Despite the severity of these economic conditions in much of the Muslim world, economic deprivation alone cannot account for the development of the terrorist networks. Most of the terrorists who hijacked and steered those airplanes into occupied buildings were not uneducated, uninformed, impoverished rural people who were completely ignorant about the west or who knew the outside world only through the descriptions of their Mullahs. Most were instead well-educated, middle or upper class Arabs. Many had lived for a time in the West and thus were familiar with the values, culture, and political systems that they were attacking. They were said, for example, to have consumed alcohol, watched a lot of American television, played video games, and even frequented topless bars (Amanat, 2001). The terrorists were thus not all unemployable victims of the new global economy. Most of them held university degrees and had demonstrated that they could find and hold highly skilled jobs. For example, Mohammad Atta, who flew the airplane into the North Tower of the World Trade Center, was the well-educated and well-traveled son of an affluent Cairo attorney (Hill, 2001). What motivated them was not economic deprivation but their all-consuming ideology (see Kuran, 2002). So who were these terrorists and what motivated their hatred?

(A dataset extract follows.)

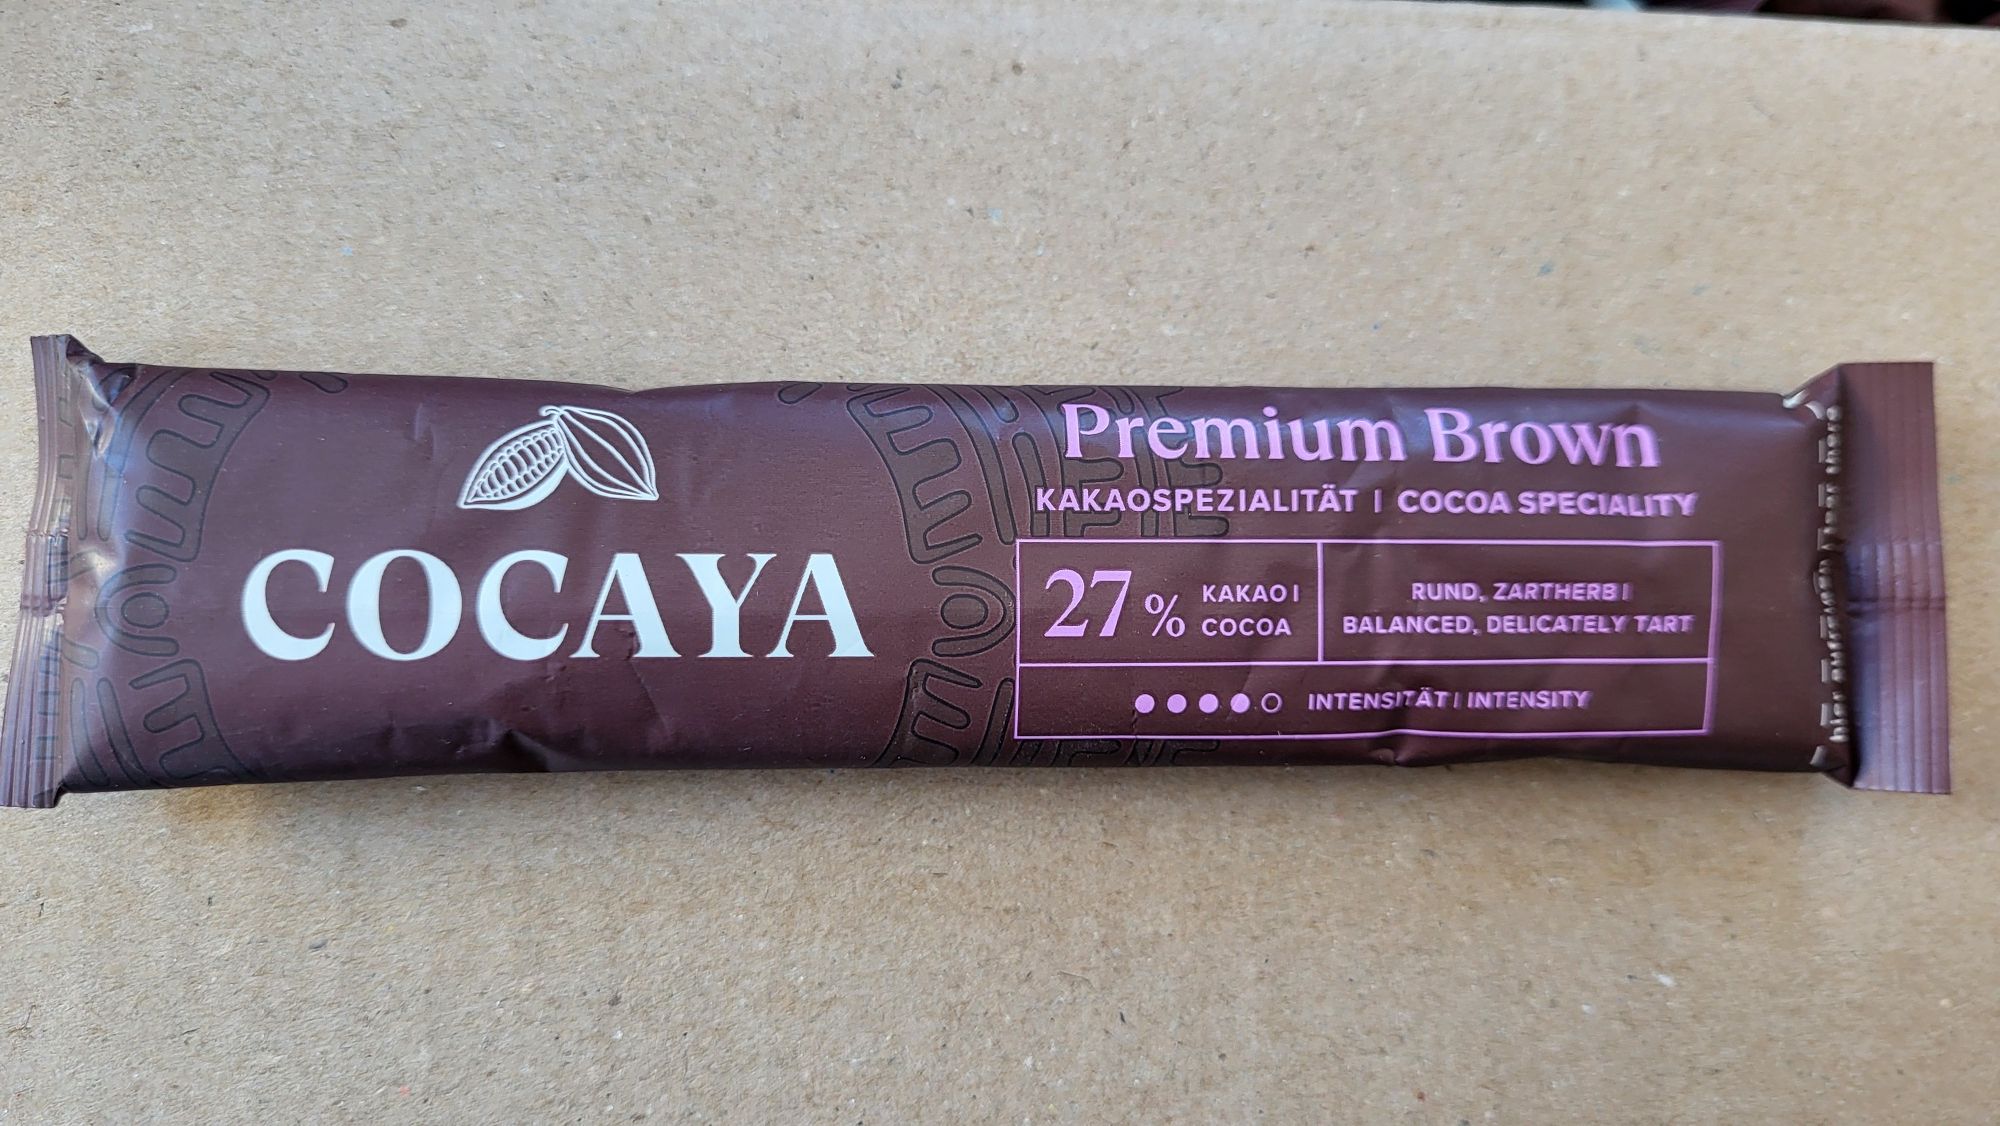 Cocaya Premium Brown 100 saszetek, czekolada do picia, kakao premium

In Muslim nations in the Middle East and in Asia the daily prayers, Friday sermons, and Koran study groups are all places to ritualize and express identity. But increasingly, this identity is also expressed through street demonstrations, the circulating of pamphlets, and with anti-establishment, anti-secular, anti-American, and anti-Zionist messages (Amanat, 2001). For Muslims living in Europe and America the connections between the religious community and the political ideological community may be even more significant. In many European cities, for example, the members of these Diaspora are very much treated as outsiders – they are cast as “the other” and exiled to neighborhoods where they are encouraged to live among their own. Although certainly adherence to radicalized Islamist beliefs is the exception rather than the norm in these communities, evidence suggests that these communities may be a fruitful breeding ground for the development of such sentiments.

The terrorists on the planes and who make up the network that is at war with America are not so much unified by their Muslim faith as by their Islamist political philosophy. As such they are committed to a radical global transformation. Kuran (2002) notes:
Islamists believe that to be a good Muslim is to lead an “Islamic way of life.” In principle, every facet of one’s existence must be governed by Islamic rules and regulations – marriage, family, dress, politics, economics and much more. In every domain of life, they believe a clear demarcation exists between “Islamic” and un-Islamic behaviors. Never mind that in all but a few ritualistic matters the Islamists themselves disagree on what Islam prescribes. They have been educated to dismiss their disagreements as minor and to expect a bit more study of God’s commandments to produce a consensus about the properly Islamic way to live. (pp. 1-2).

Adherents of this philosophy also believe that the march of history supports their views. They believe that communism and capitalism are destined to fail because they breed injustice, inequity, and inefficiency. The fall of the Soviet Union is viewed as evidence to support their claim, for they believe that just as communism collapsed once people discovered that the tyrants could not hold onto their power through force alone, so too capitalism will ultimately fail because it “breeds emptiness, dissatisfaction, and despair even among the materially successful” (Kuran, 2002, p. 2).

The Islamists propose an Islamic economic system, the key elements of which would entail a banking system that avoids charging interest, an Islamic redistribution system based on the principles of the Koran, and a set of norms to insure fairness and honesty in the marketplace. Kuran (2002) observed government supported “economic Islamitization” projects undertaken in Sudan, Pakistan, and Iran, all failures. The argument is that they failed only due to the corruption caused by “Westernization, which masquerades as globalization and whose chief instruments are the military, cultural, and economic powers of the United States” (p. 2).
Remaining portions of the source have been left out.